Rosenberg believes that through technology, significant shifts in healthcare will take place.
Even with the innovation spurred by the pandemic, healthcare must still follow the money, according to Rosenberg. While virtual care satisfies patients, the locus of care still needs to be where payers pay them to provide care, he explained.
"I think we're going to see more virtual care, but I don't think we're necessarily going to see the kind of expansion of virtual care that we saw at the peak of the pandemic," he said.
Historically, telehealth has been successful in areas with capitation reimbursements and specific areas of care like mental health.
"One of the things that will emerge out of our discussions around COVID will be this enormous amount of recognition for the burden of mental health and the successful ability to provide those services remotely or virtually in some ways," he said.
Rosenberg explained a key driver for continued remote solutions is the challenge of getting specialty care in remote areas. Additionally, many patients love the accessibility of seeing a physician without a commute to the health system. Especially in capitation or bundled payment methods, these are natural areas that will expand, with the COVID-19 pandemic as the catalyst.
According to Rosenberg, the push from the ONC and CMS to encourage providers, payers, and third parties for 21st Century Cures will benefit everyone. He believes that it is less about information blocking and more about interoperability and availability of information. Remote care will be a catalyst for data, especially with open APIs and web services, for innovation to occur.

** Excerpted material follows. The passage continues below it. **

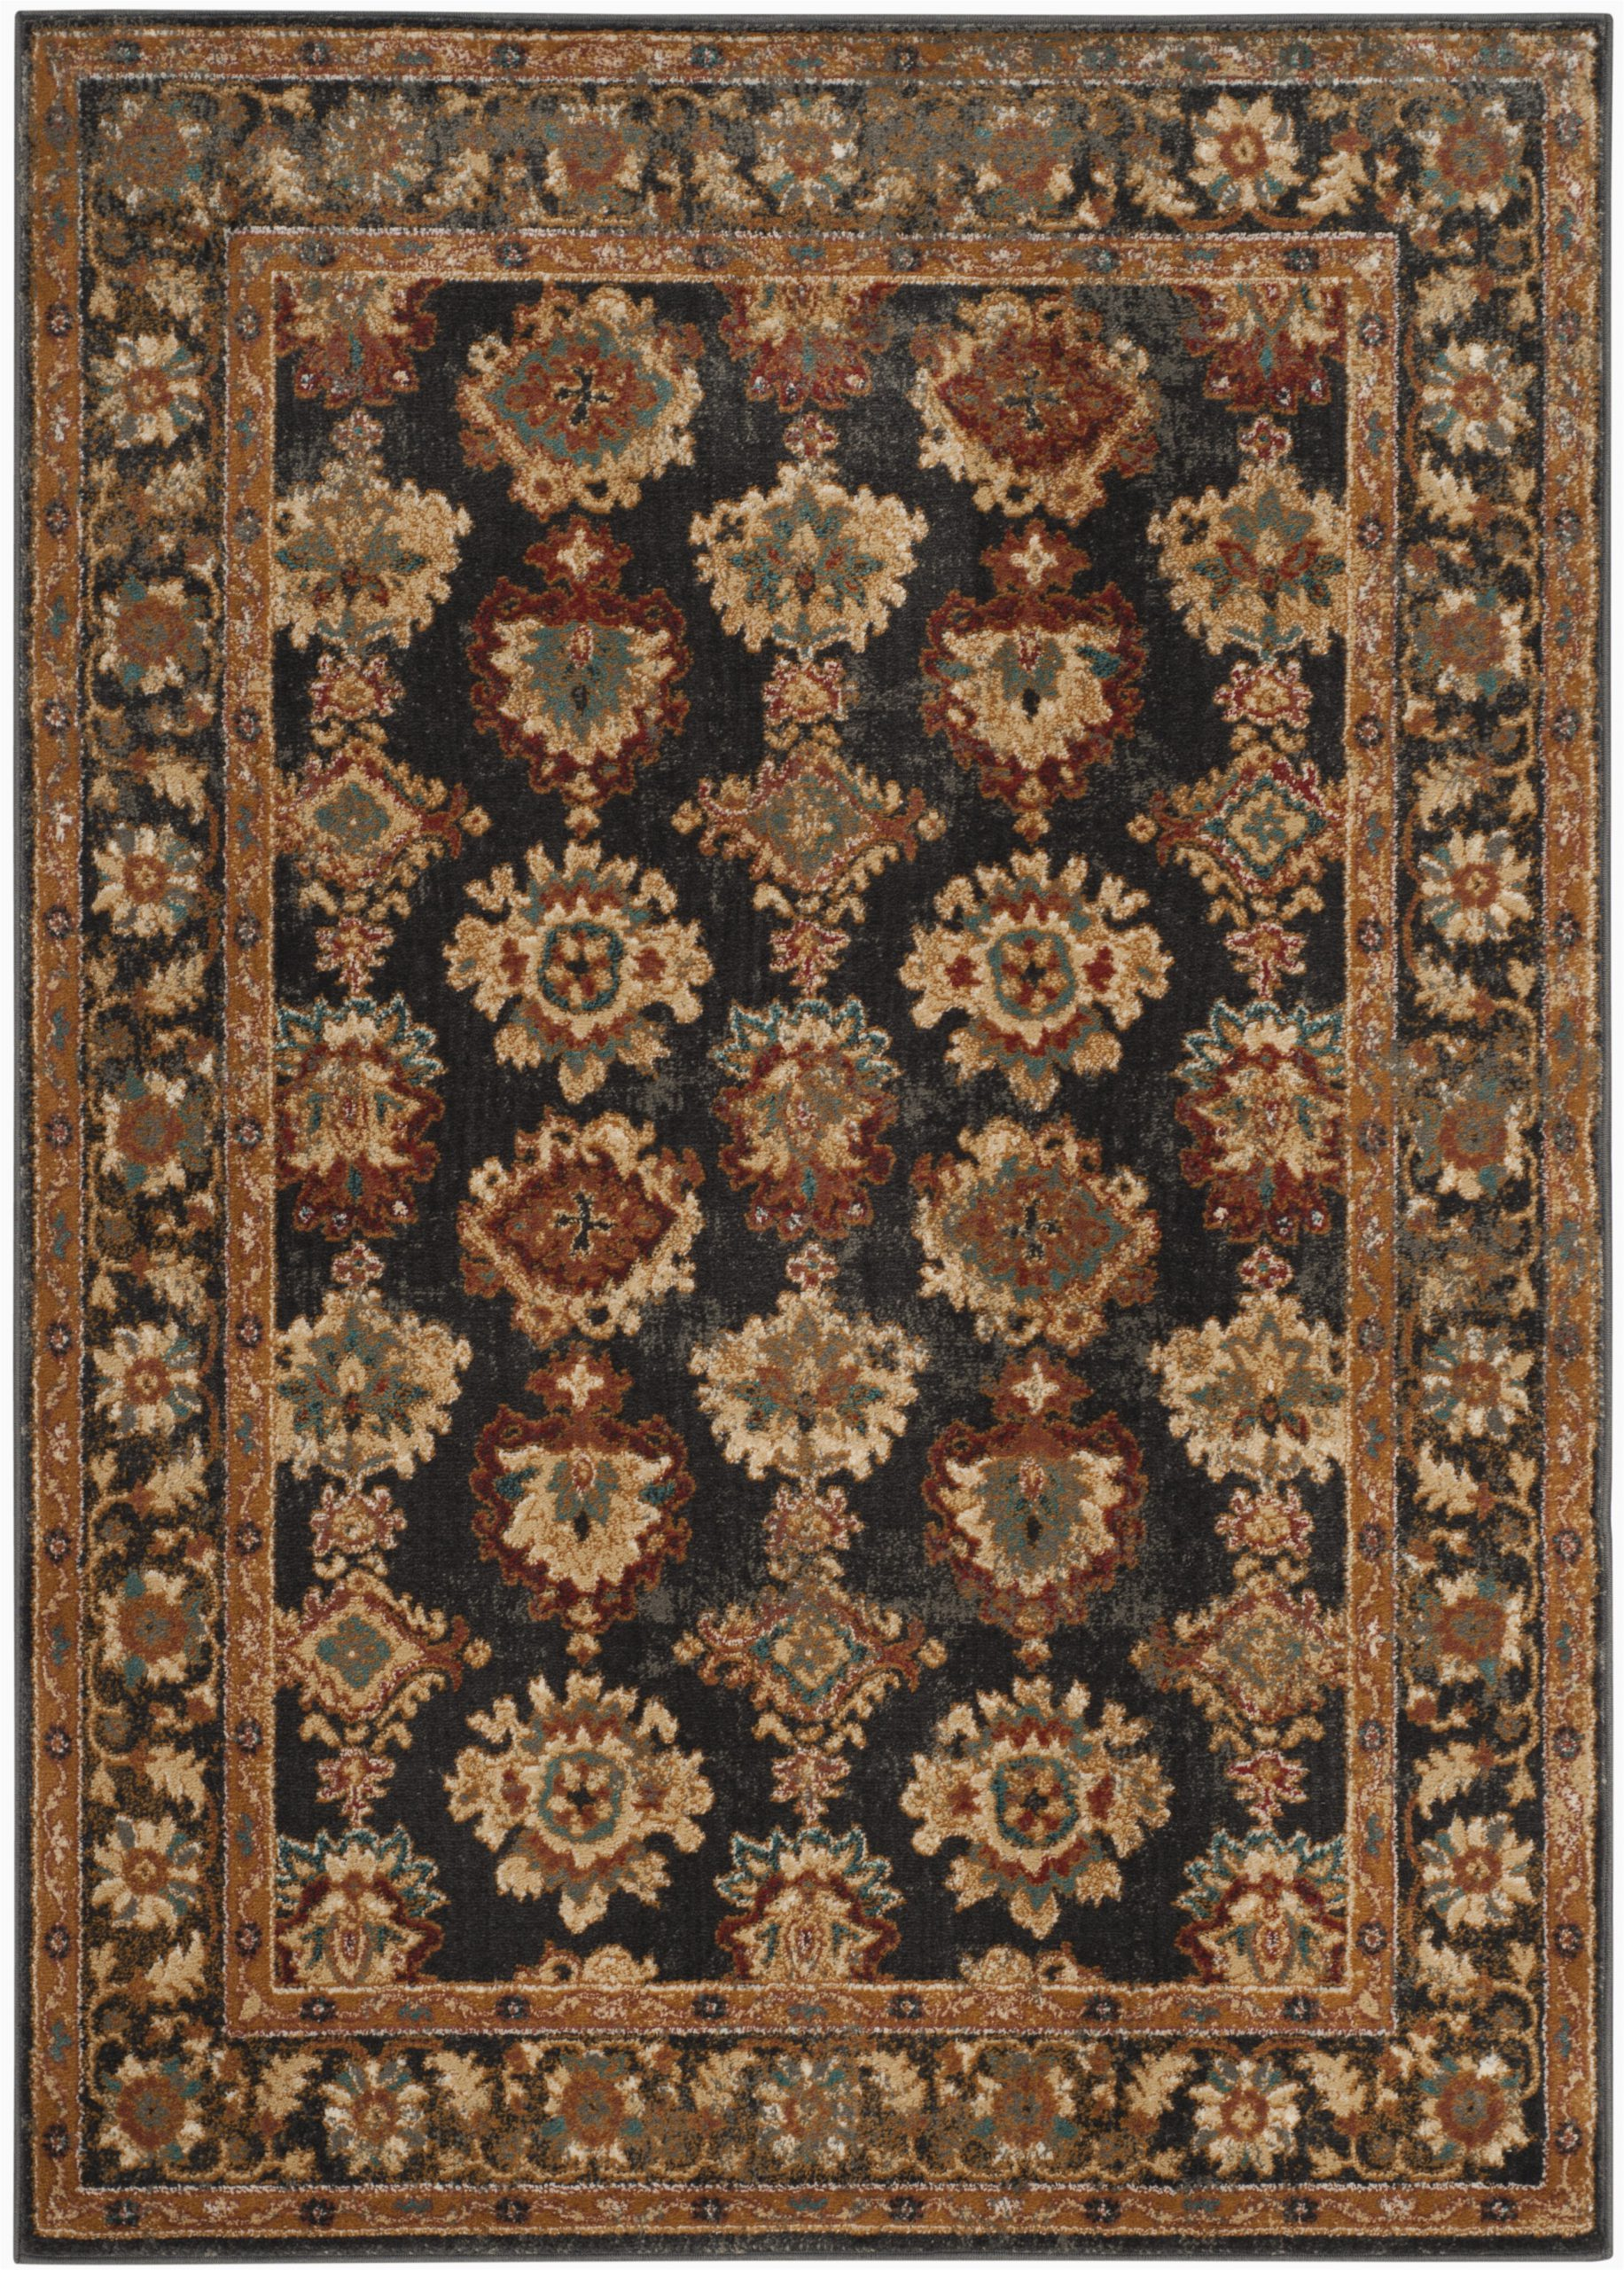 lowe multi color area rug

There is one concern to interoperability, according to Rosenberg. It is crucial to progress carefully and responsibly before opening large data portals. This is because the typical person does not understand the depth of their medical data.
"They seek a trusted professional to help them with their cherished, really important, healthcare data," he said.
For this reason, Rosenberg is trends conservative in the process, but he fully supports the intention of interoperability.
Price transparency makes a difference when it comes to elastic services. For these types of services, patients will most often go to the provider charging the lowest amount, he explained. In comparison, transparency will be outweighed by the convenience of proximity for time-sensitive medical needs.
"When I have a broken arm, or I have a gash in my child's head, I'm going to go to the nearest place. And if they're going to charge me double, I'm just going to pay it," he explained.
There has been a significant movement to storage on-premise instead of moving every service onto the cloud. Overall, according to Rosenberg, the cloud is driven by business continuity, data centers, applications, and cybersecurity.
Recently, organizations have spent millions of dollars replacing infrastructure to run EHR, which will change in the next five to eight years. According to Rosenberg, he thinks of it as circular and attempts to incise it with new things. He considered the overall application and infrastructure strategies.